-- Supplied data follows --

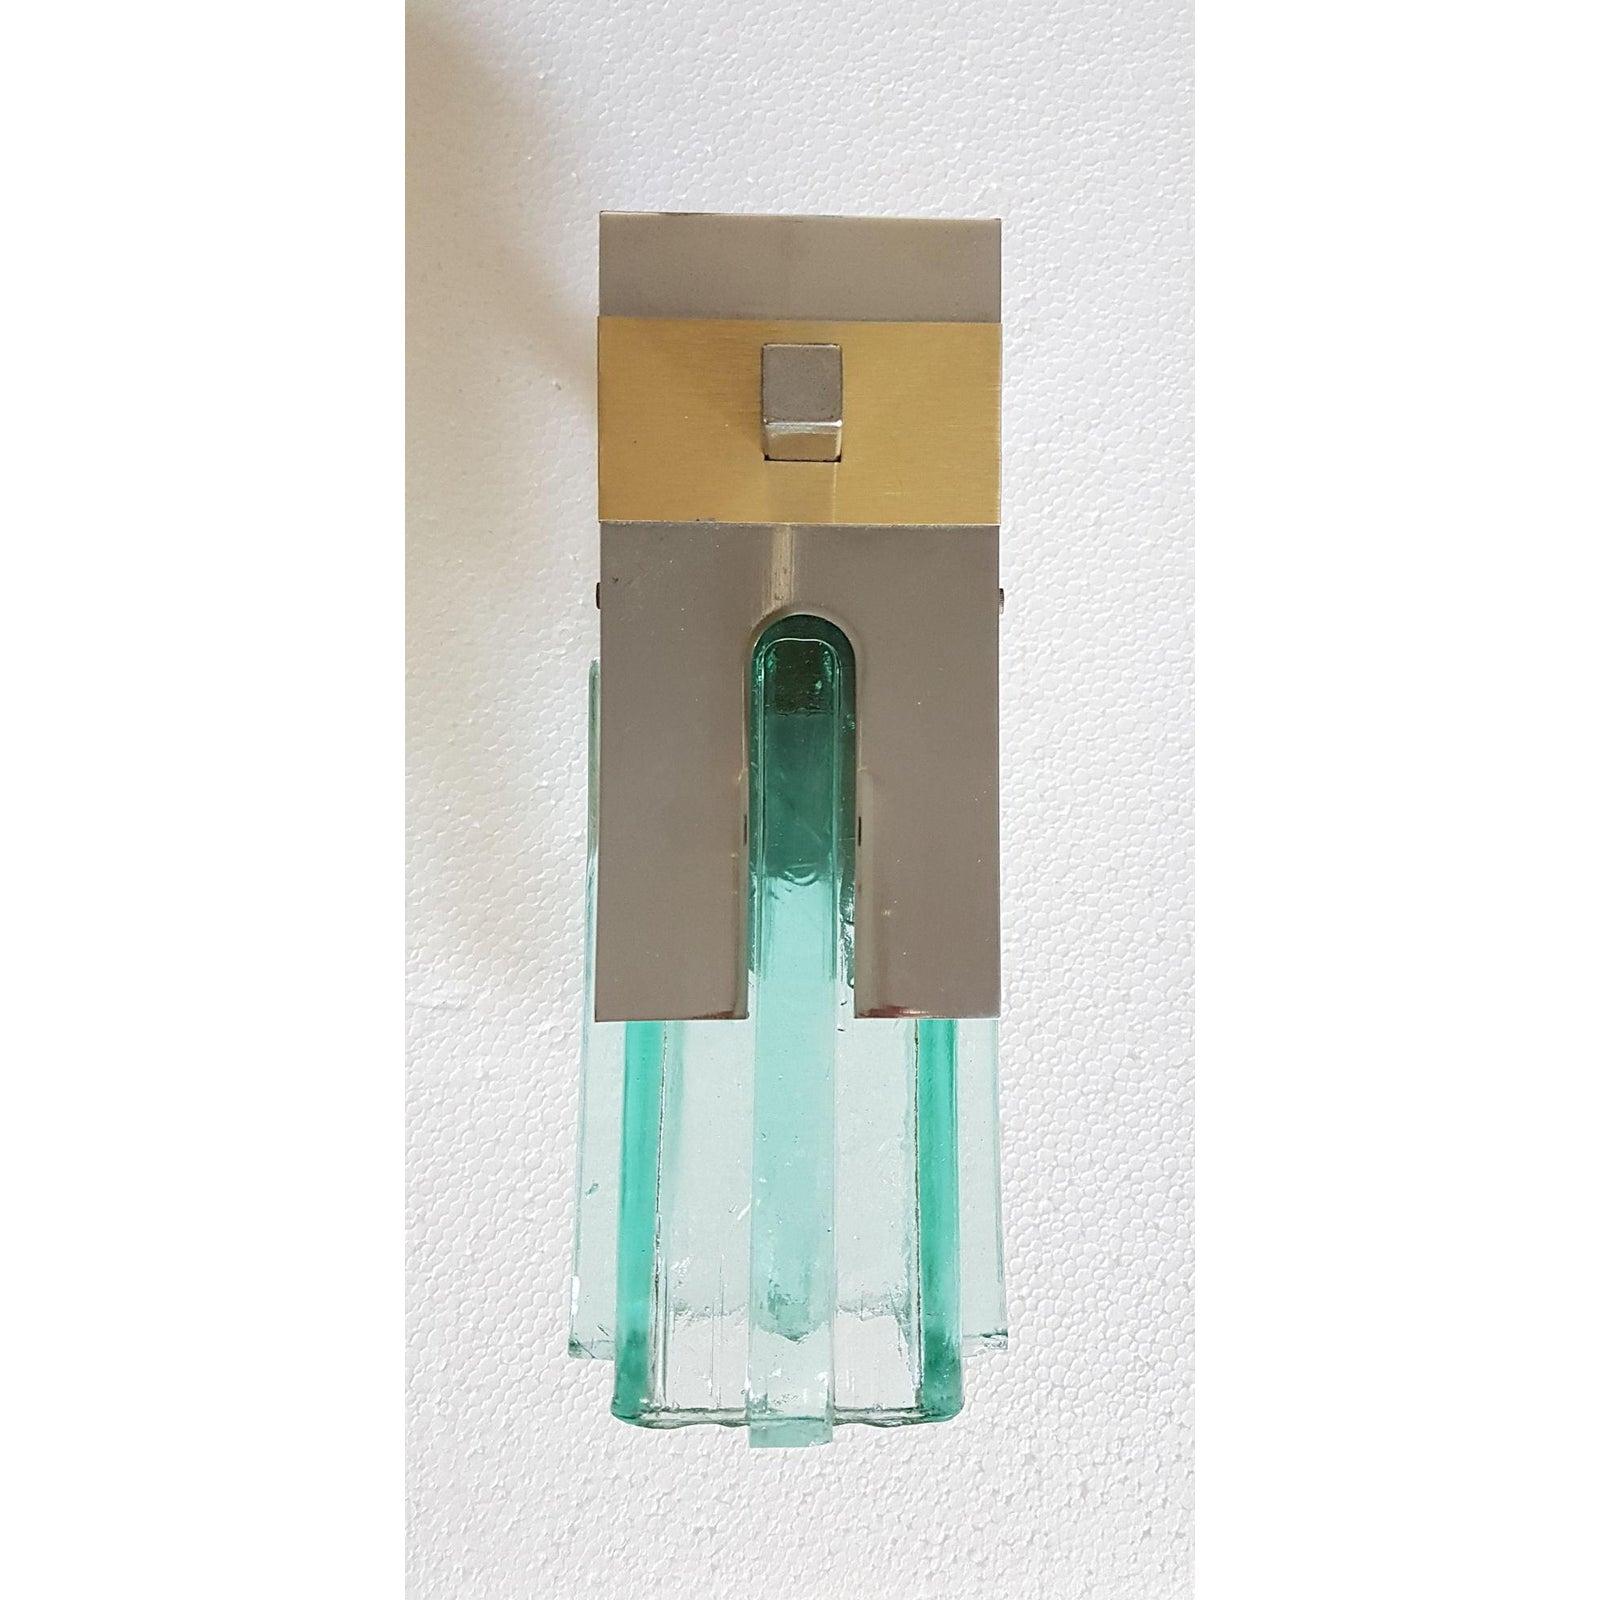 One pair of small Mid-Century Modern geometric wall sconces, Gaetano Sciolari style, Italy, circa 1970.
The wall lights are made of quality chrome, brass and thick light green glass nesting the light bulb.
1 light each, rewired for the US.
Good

-- Supplied data concluded --

Work item
Once the images are removed, print the remaining data exactly as it appears above.

Response
 One pair of small Mid-Century Modern geometric wall sconces, Gaetano Sciolari style, Italy, circa 1970.
The wall lights are made of quality chrome, brass and thick light green glass nesting the light bulb.
1 light each, rewired for the US.
Good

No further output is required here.